Copy the data exactly. Images are to be left out.

-- STORED DATA follows --

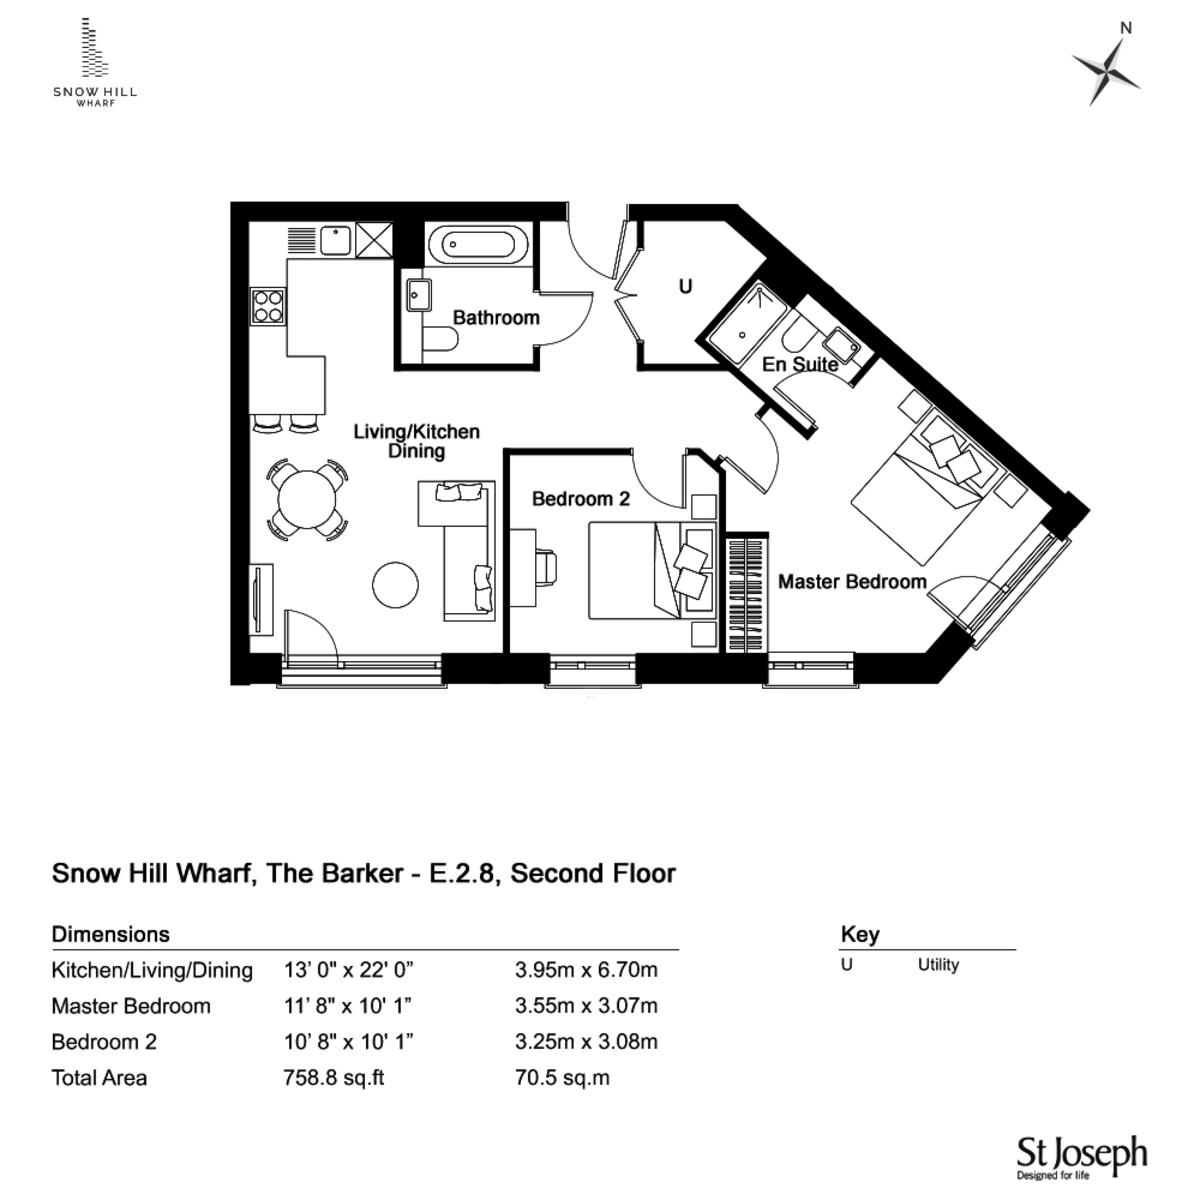 The Barker, Snow Hill Wharf, Birmingham City Centre floorplan 1 of 2
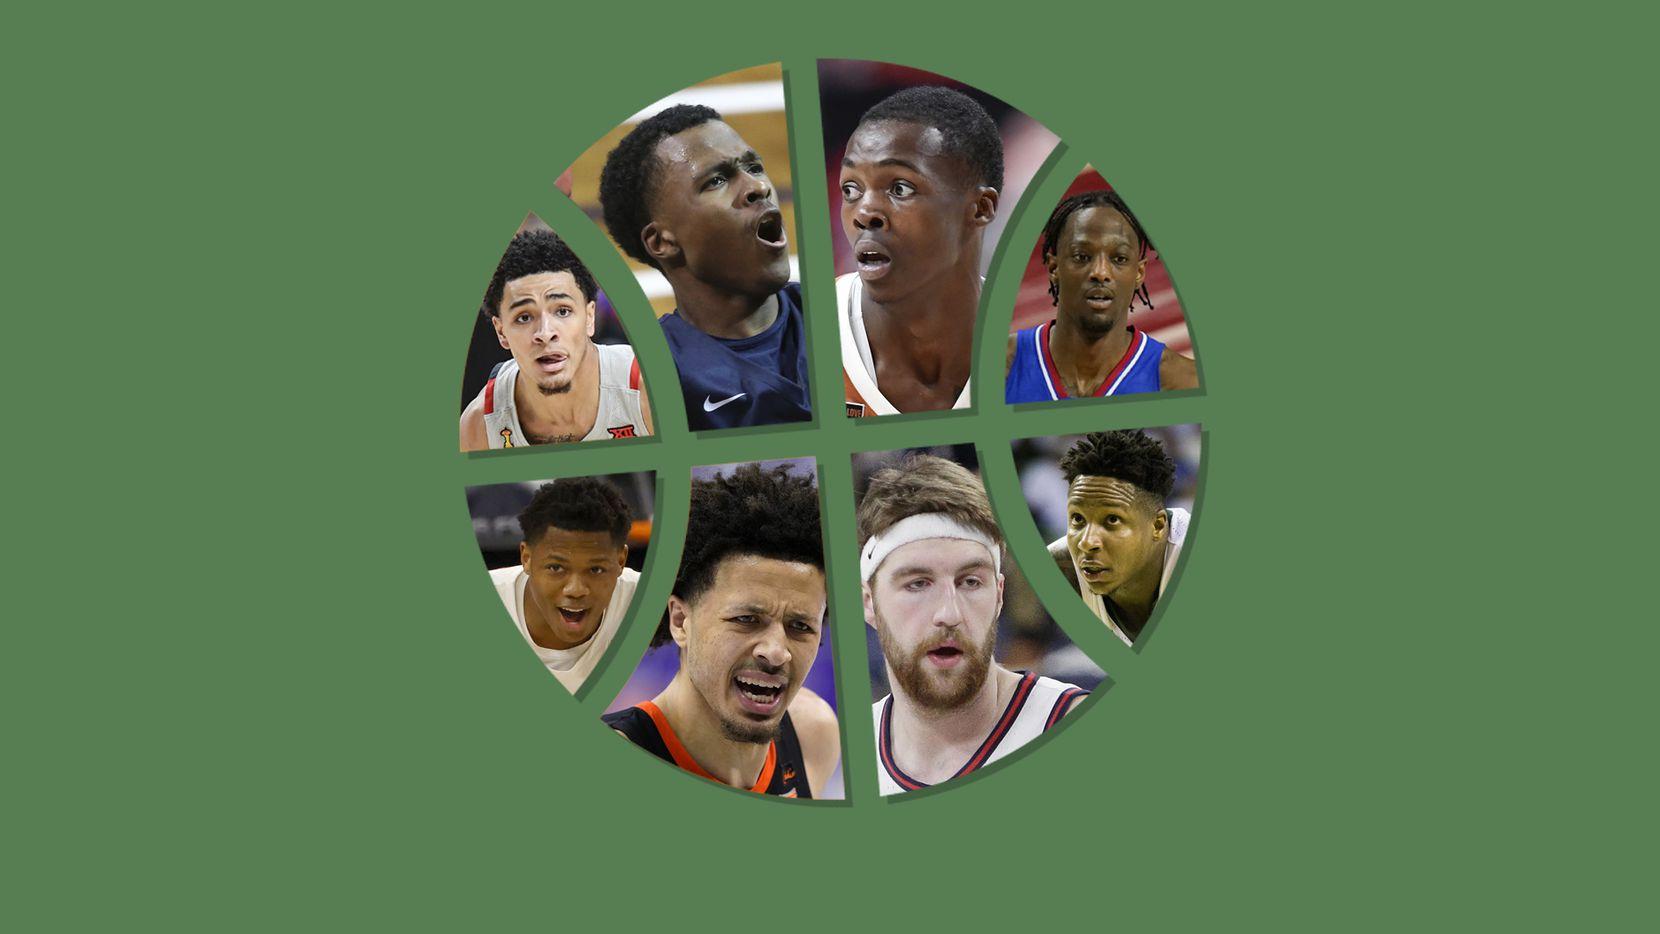 Clockwise starting in the top left: Micah Peavy, Max Abmas, Andrew Jones, Marcus Garrett, Mark Vital, Drew Timme, Cade Cunningham and Marcus Sasser.
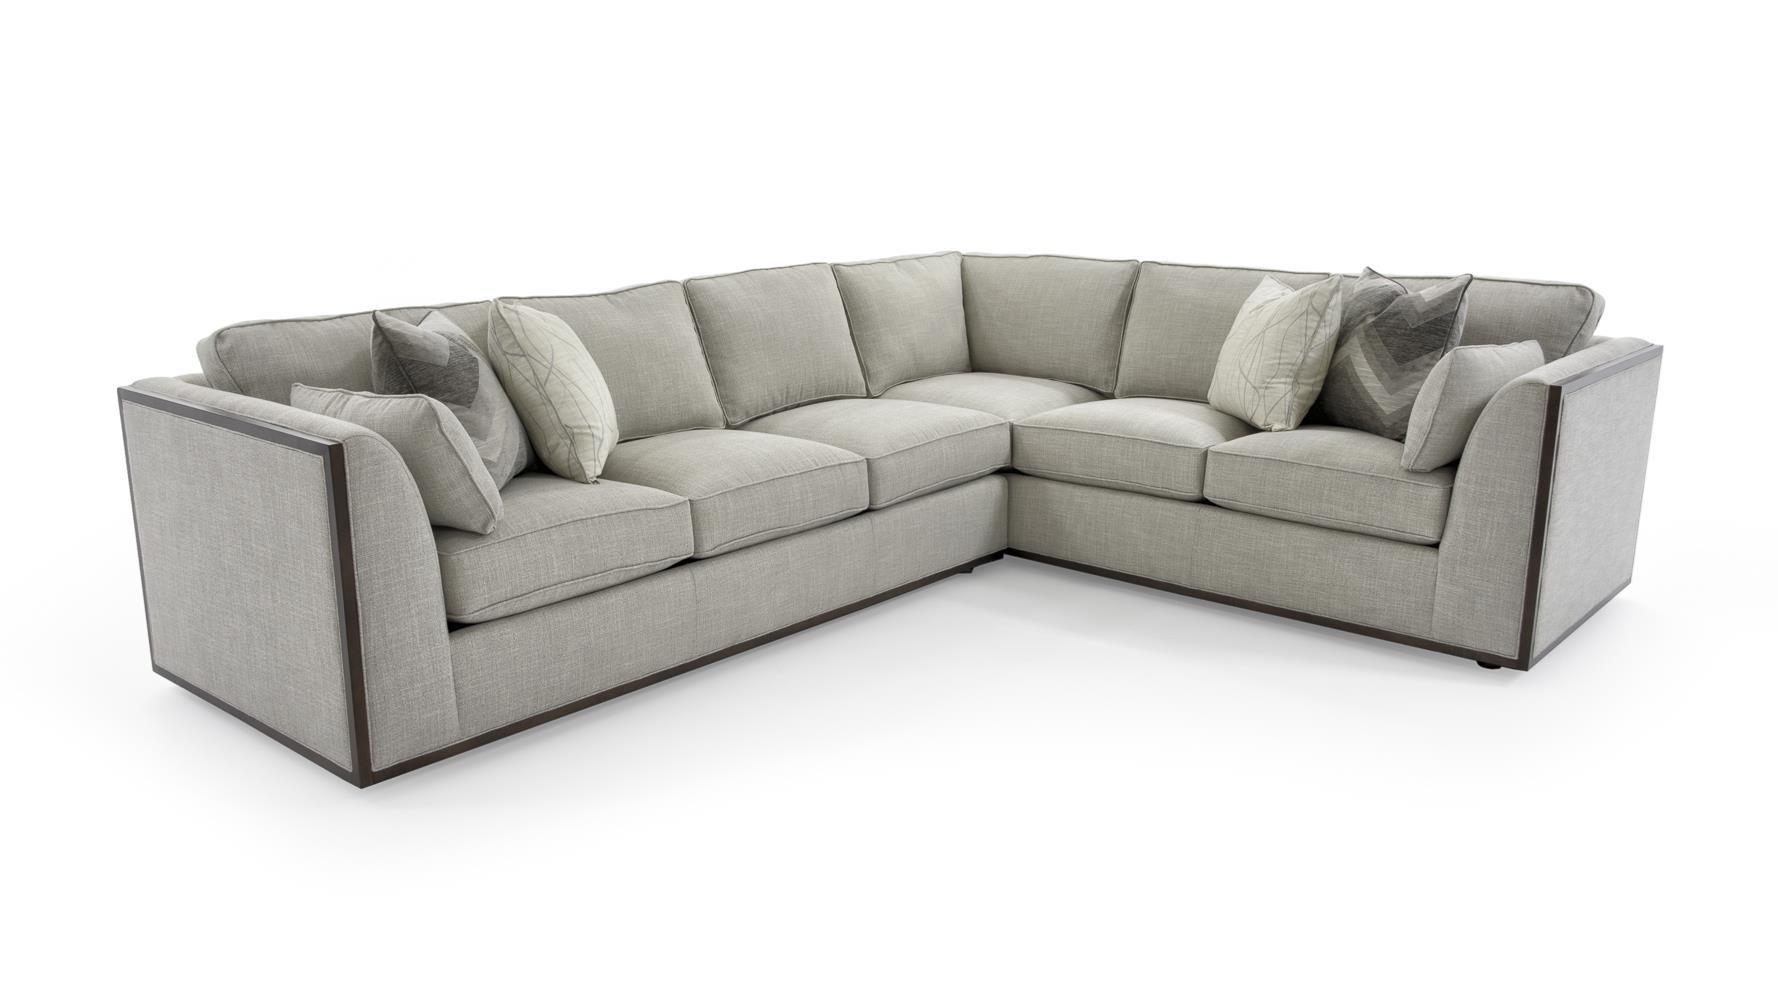 Westcliffe 2 Pc Sectional Sofa

-- STORED DATA concluded --

* **RESULT OF THIS EXERCISE**
 The Barker, Snow Hill Wharf, Birmingham City Centre floorplan 1 of 2
 Clockwise starting in the top left: Micah Peavy, Max Abmas, Andrew Jones, Marcus Garrett, Mark Vital, Drew Timme, Cade Cunningham and Marcus Sasser.
 Westcliffe 2 Pc Sectional Sofa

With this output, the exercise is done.